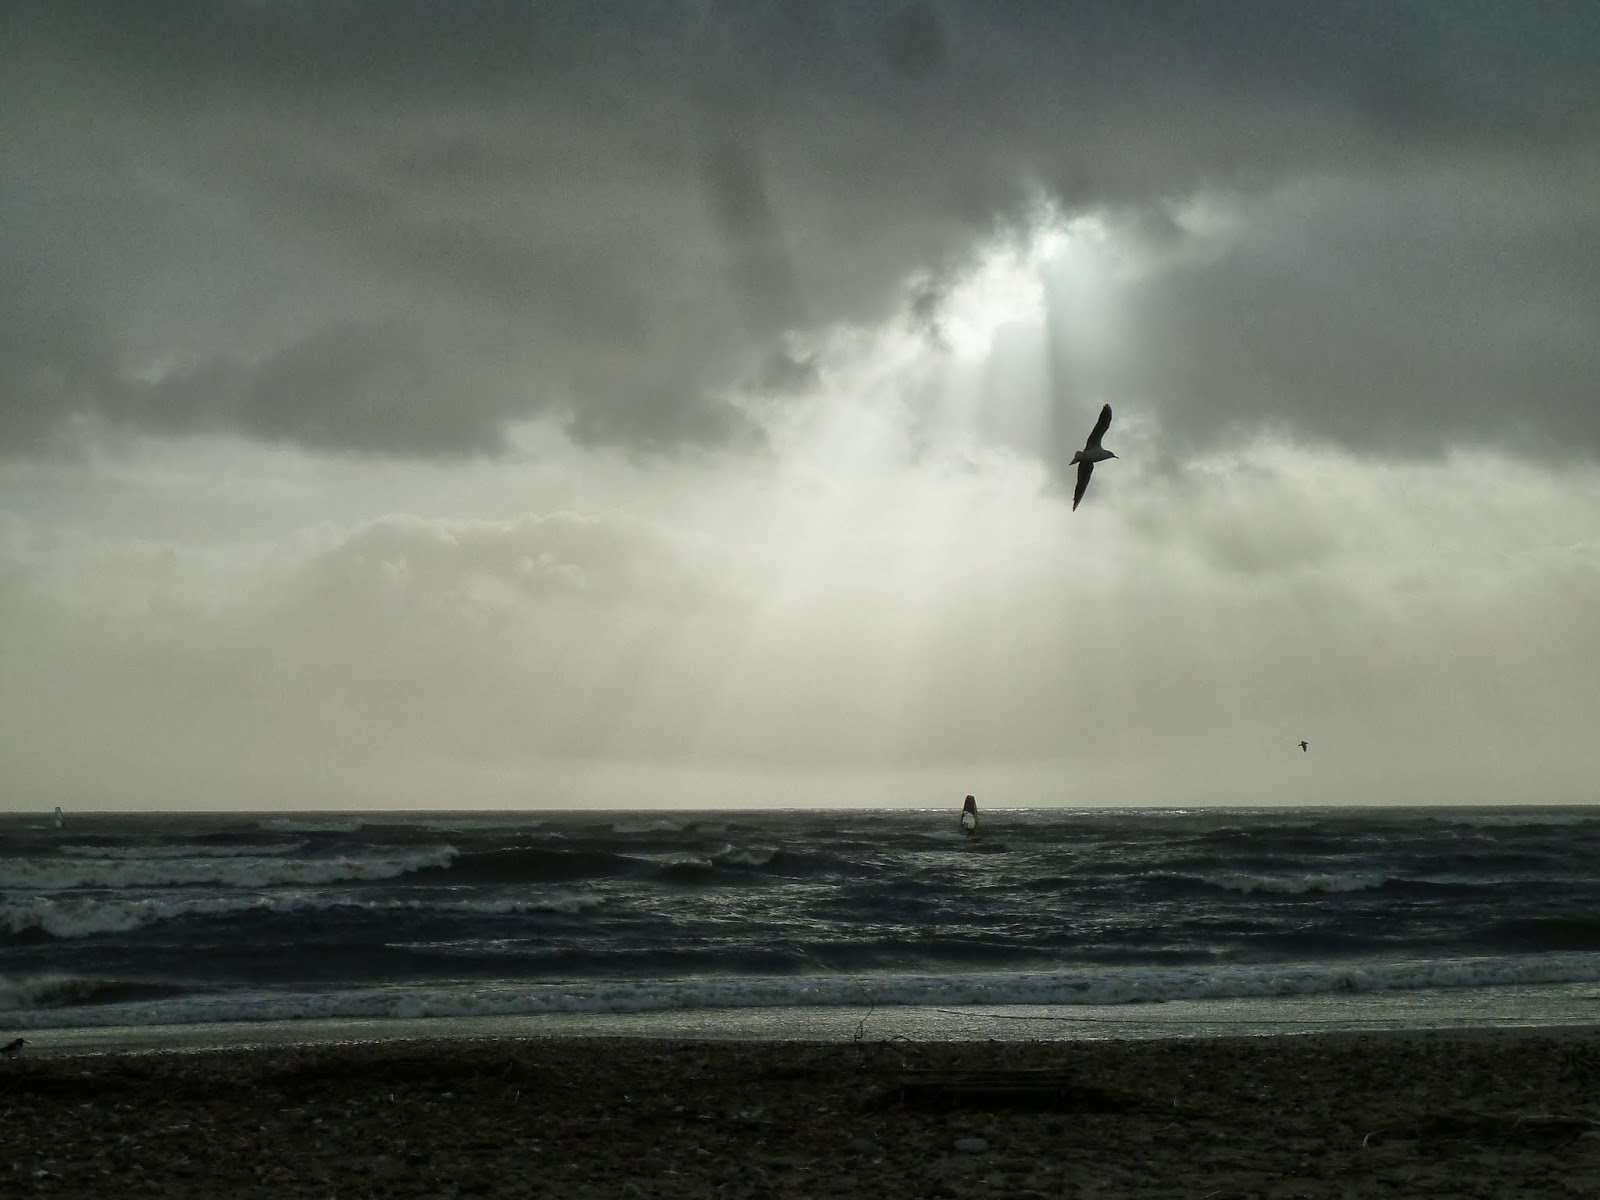 Seagull and windsurfer silhouetted against winter sky
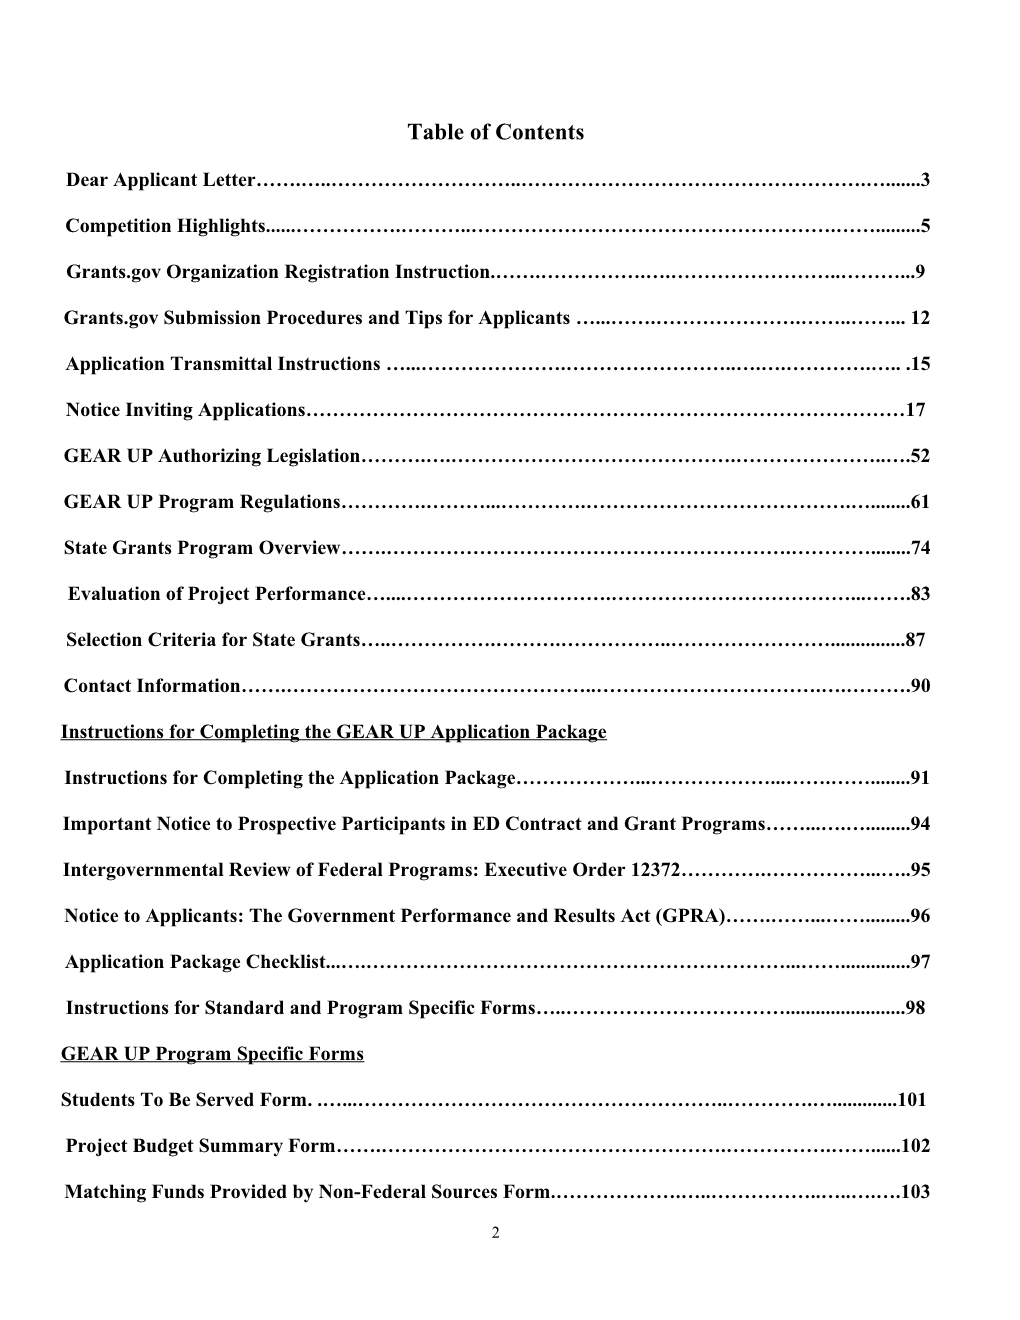 Archived: FY 2014 Grant Application - GEAR up State Grants (MS Word)
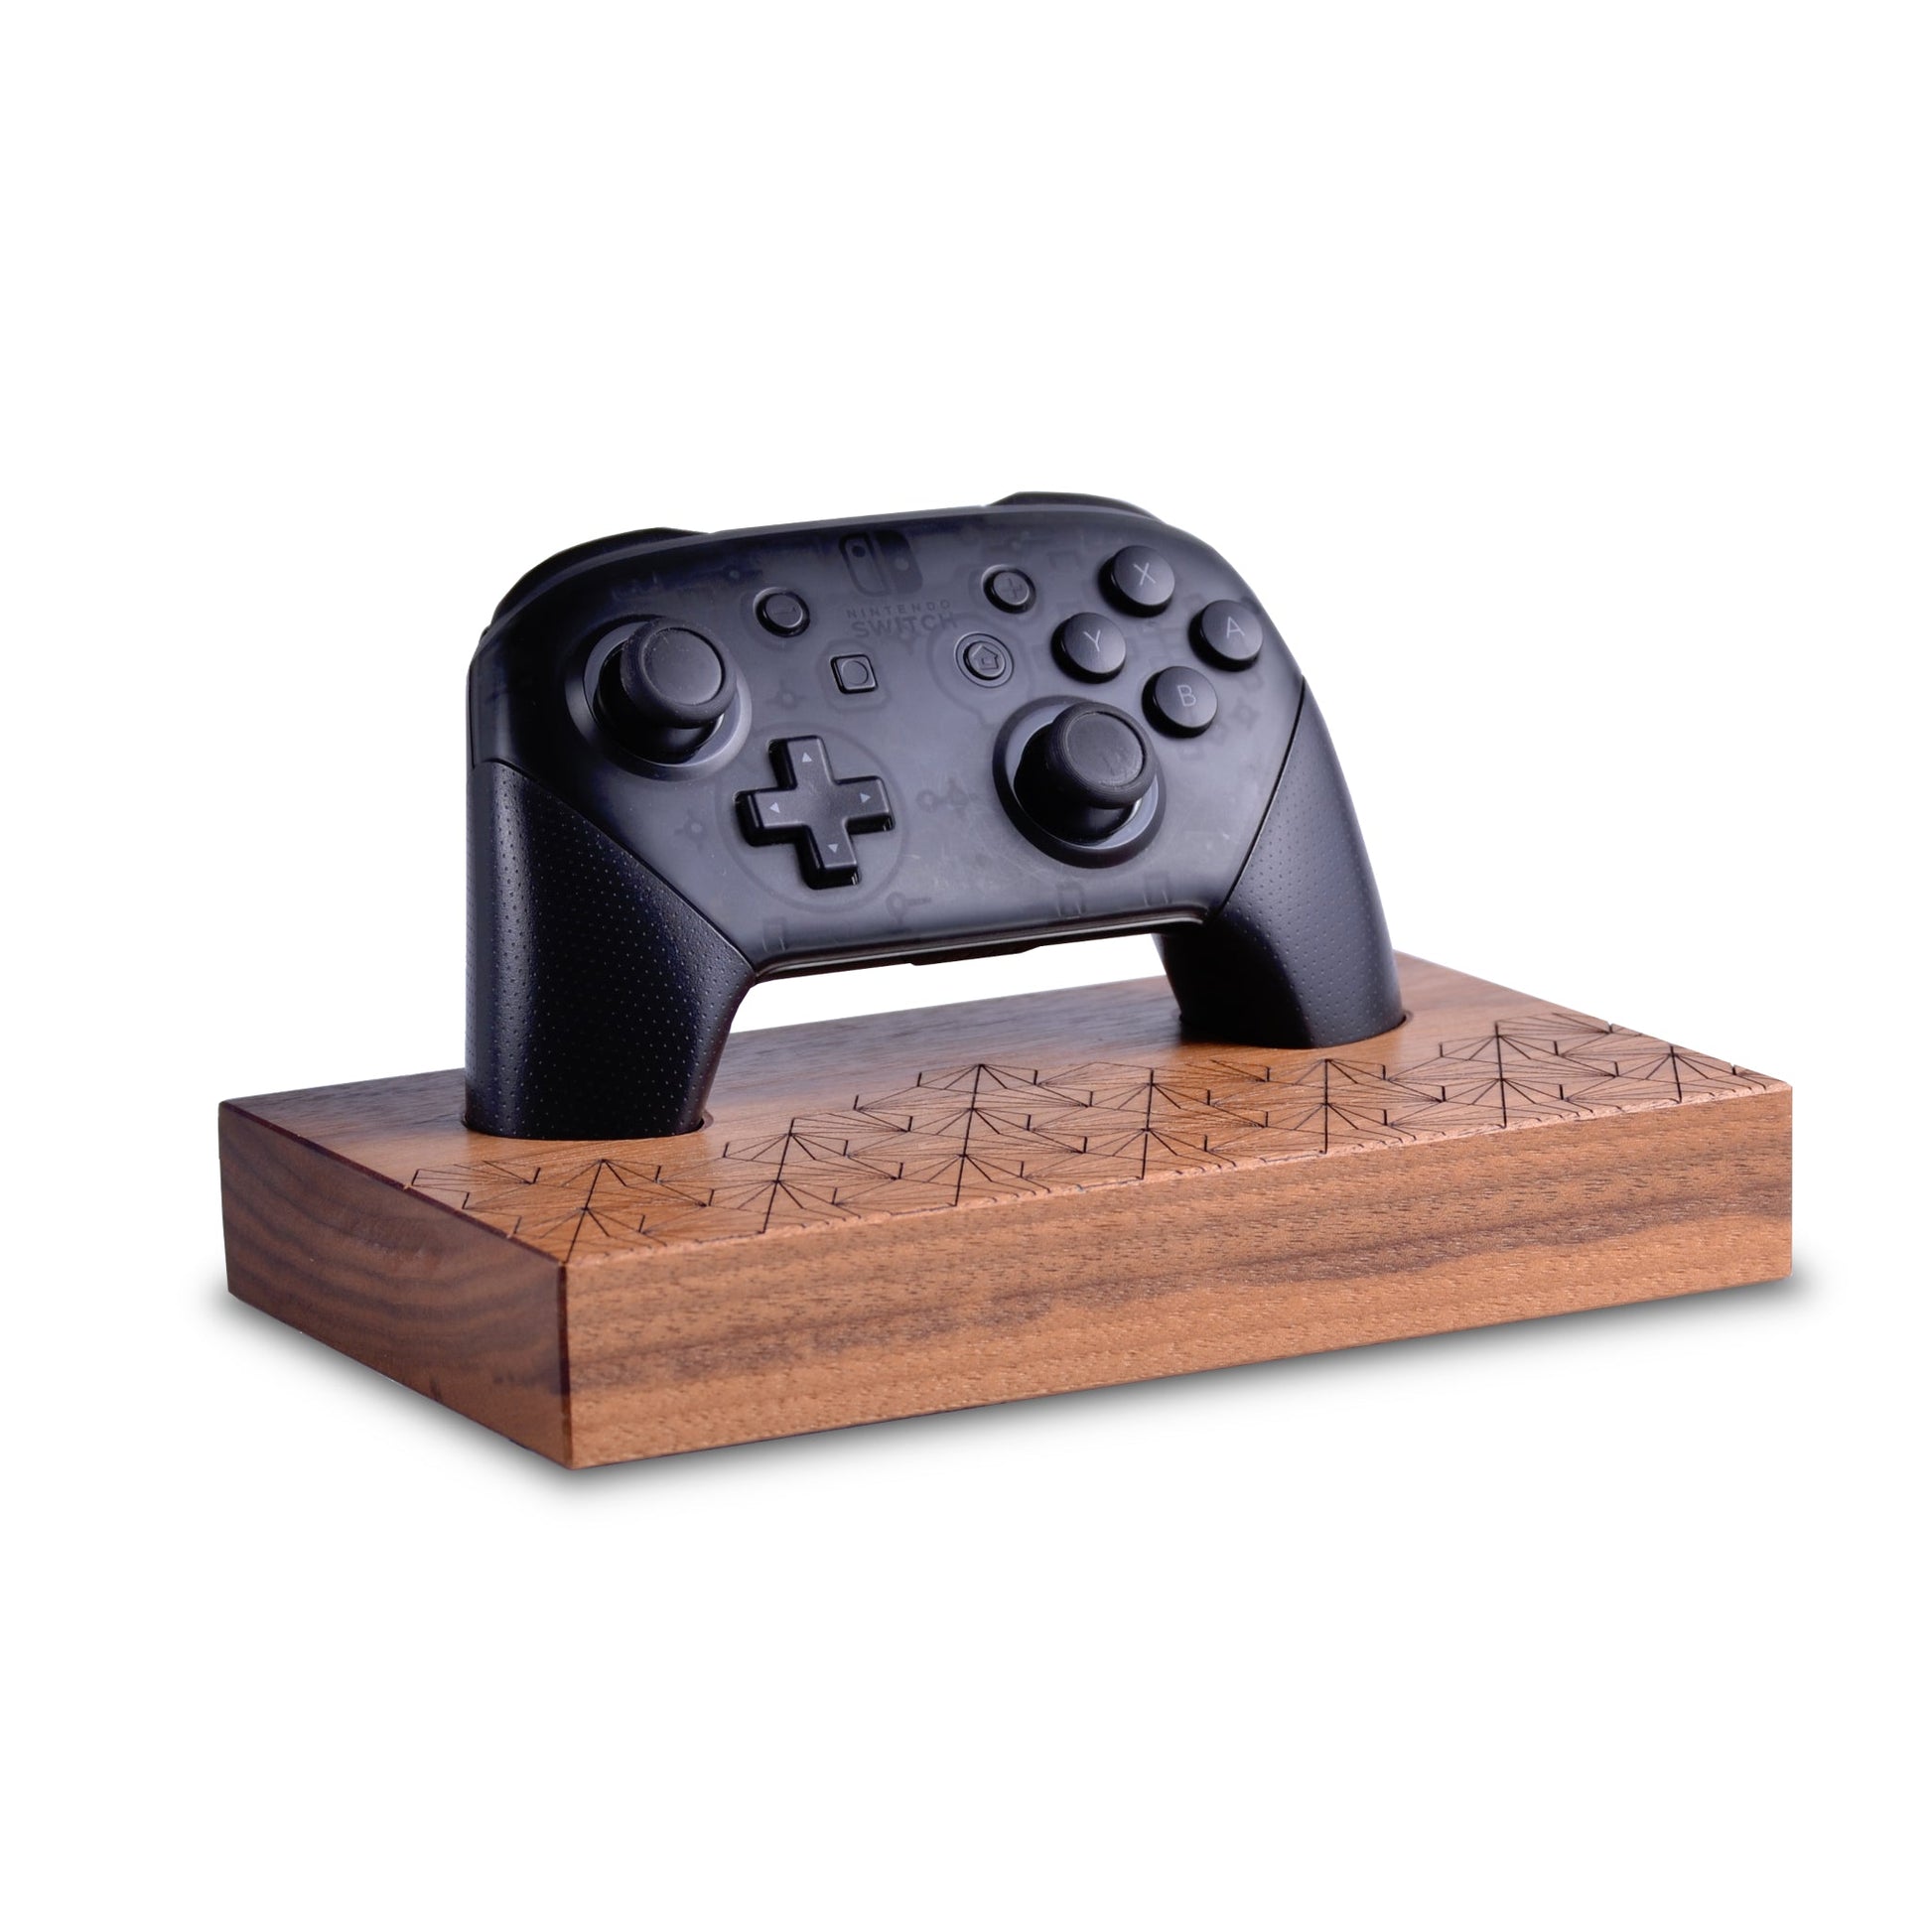 Wooden stand with geometric pattern for Nintendo switch pro controller
= = = = = = =
WHAT THE TASK ASKS: Pictures stay out; everything else in the listing above gets restated word for word.

OUTPUT:
 Seagull and windsurfer silhouetted against winter sky
 Archived: FY 2014 Grant Application - GEAR up State Grants (MS Word)
 Wooden stand with geometric pattern for Nintendo switch pro controller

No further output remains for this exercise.